Braunschweig. Im Braunschweiger Land leben fast 9.000 Ukrainer, die vor dem Krieg flohen. Viele von ihnen haben Traumatisches erlebt. Helfer stoßen an ihre Grenzen.

Heulende Sirenen, düstere Keller. Tod. Zerstörung. Gewalt. Hunger. Der Verlust der Heimat und des Gefühls von Sicherheit. Was Kriegsvertriebene aus der Ukraine erlebt, gesehen und gehört haben, brennt sich in die Seele ein. Sie haben Traumatisches hinter sich. Wenn sie in Deutschland ankommen in der Braunschweiger Stadthalle, „sind sie erst einmal wie erstarrt, ihre Blicke wie eingefroren“, sagt Sozialarbeiterin Tanja Makarchuk, 54. „Ich sehe es ihnen sofort an.“

Allein in Braunschweig hat man seit Kriegsbeginn im Februar rund 2.000 geflüchtete Ukrainer registriert. Offizielle Zahlen des niedersächsischen Innenministeriums von Ende April legen nahe, dass es in der Region zwischen Harz und Heide mehr als 8800 Vertriebene leben – die tatsächliche Zahl dürfte noch höher liegen.

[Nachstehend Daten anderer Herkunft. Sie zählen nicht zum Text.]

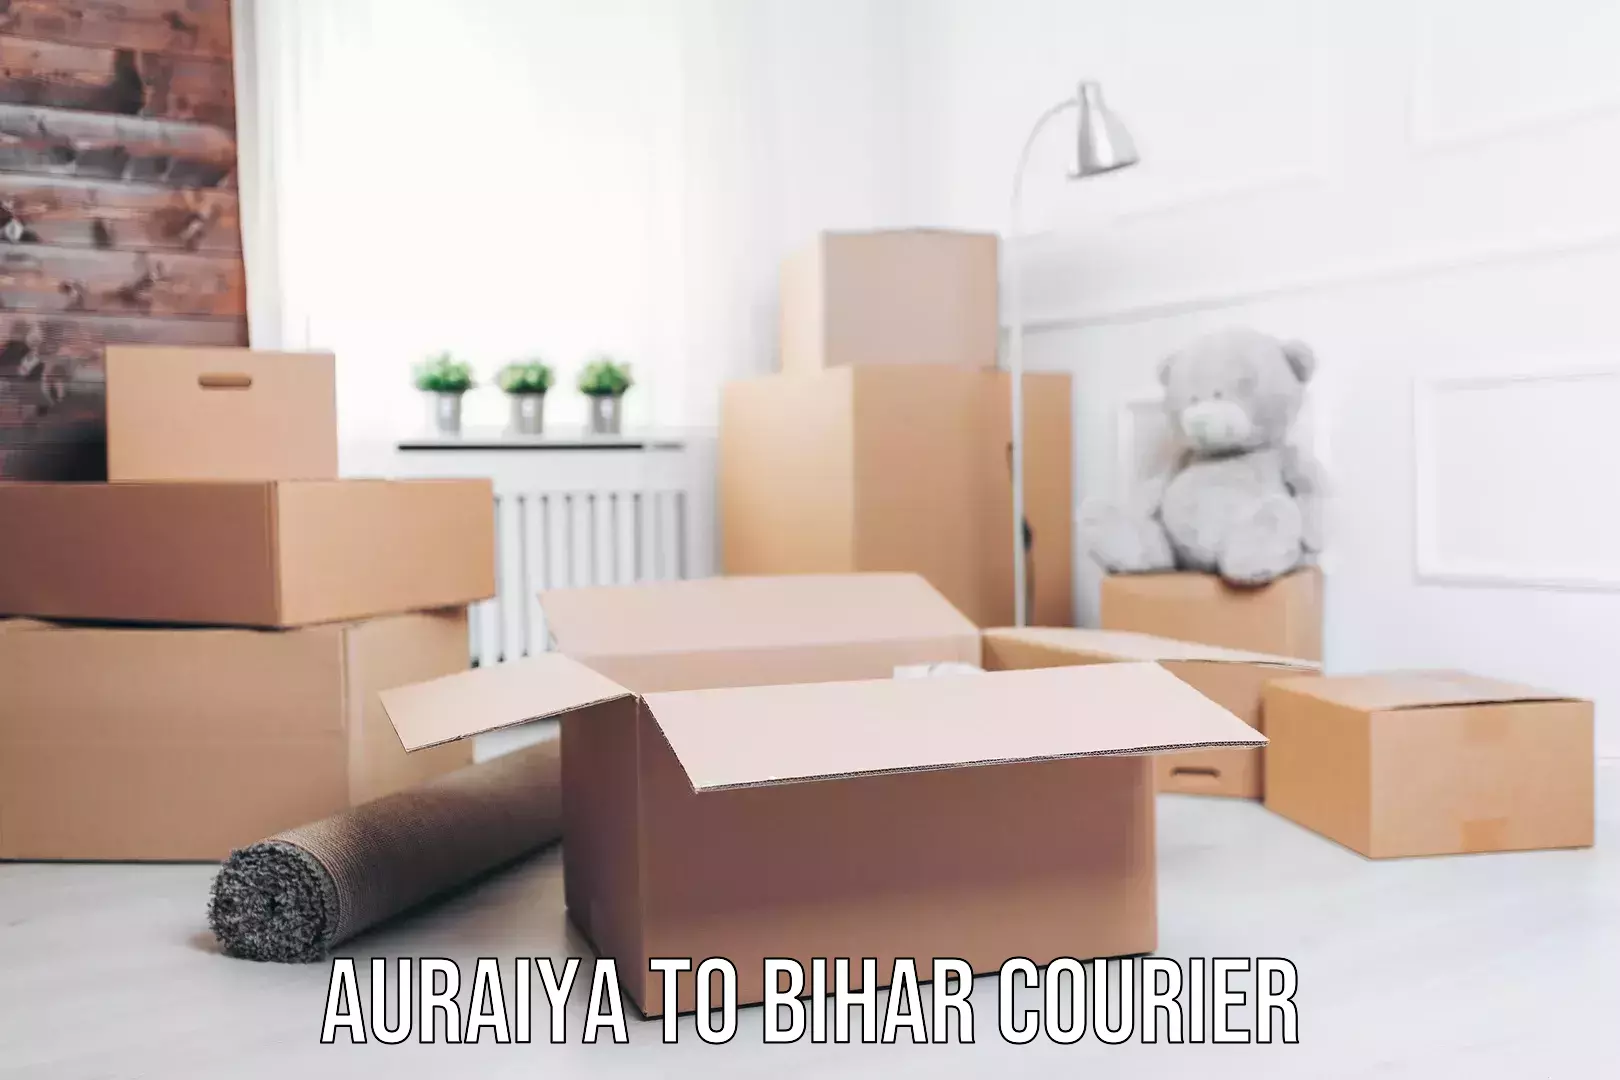 State-of-the-art courier technology Auraiya to Fatwah
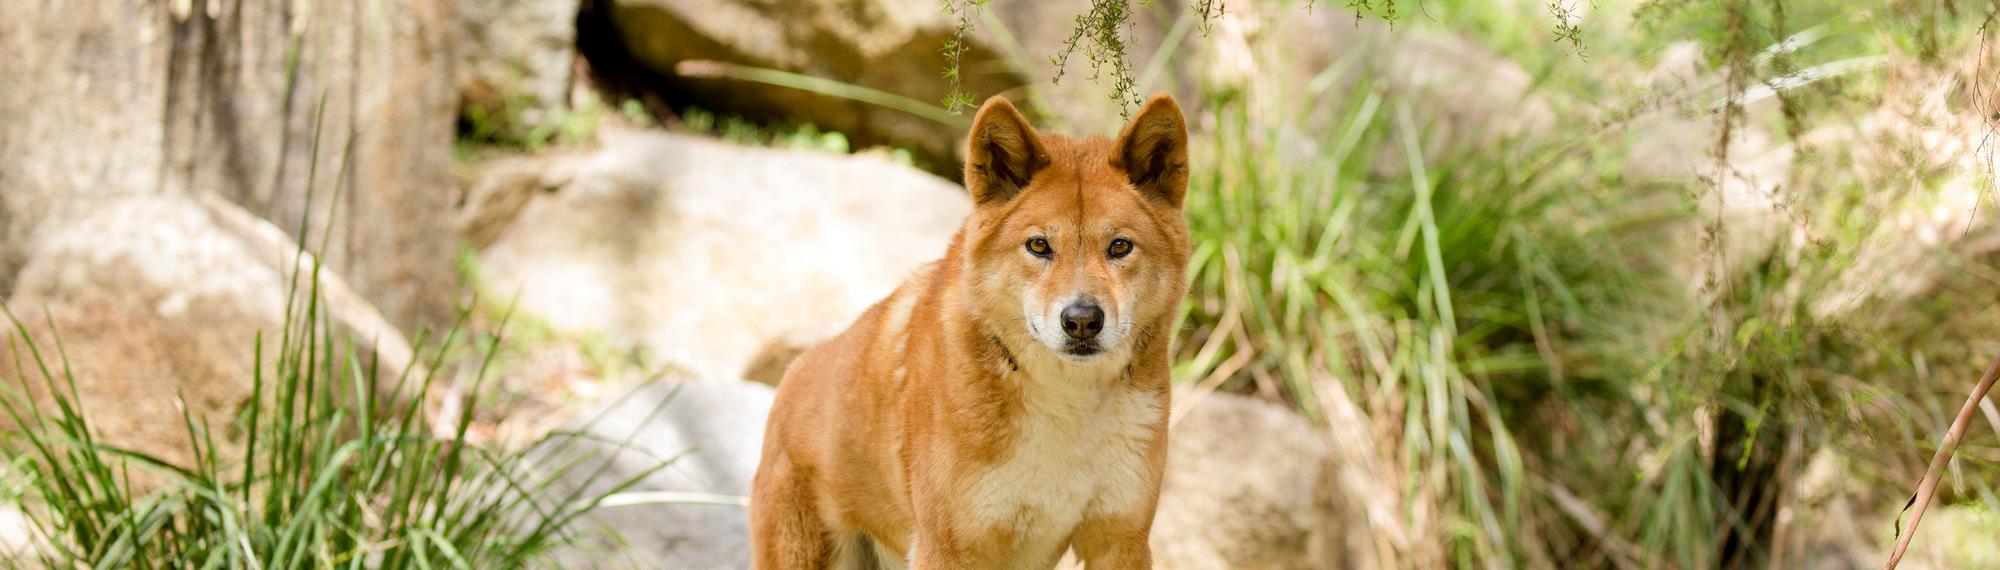 Dingo looking sternly at camera. He is a orange brown colour with ears up, standing on a log in a rocky grassed habitat.

Diese Menschen brauchen Hilfe – auch psychologische. „Das war uns schon mit Beginn des Krieges klar“, sagte Tanja Makarchuk. Der Verein Freie Ukraine Braunschweig, den sie vor sieben Jahren mitgründete, versucht, diese Hilfe zu leisten. „Denn die Behörden sind damit überfordert – und Therapieplätze gibt es bei weitem nicht genug.“ Zumal die Therapeuten auch der ukrainischen oder russischen Sprache mächtig sein müssten. Was die Zahl weiter reduziert.

Tanja Makarchuk (54) stammt aus der Region Kiew. Sie ist Mitgründerin des Vereins Freie Ukraine Braunschweig. 
Tanja Makarchuk (54) stammt aus der Region Kiew. Sie ist Mitgründerin des Vereins Freie Ukraine Braunschweig.  © Funke | Erik Westermann

Glücklicherweise verfügt der Verein bereits über Erfahrungen: Wenn man in diesem Fall von Glück sprechen mag. Seit dem russischen Angriff auf die Krim im Jahr 2014 brachten Makarchuk und die Wolfsburger Psychologin Olga Olijnik das Wissen über eine niedrigschwellige Form der Therapie in die Ukraine.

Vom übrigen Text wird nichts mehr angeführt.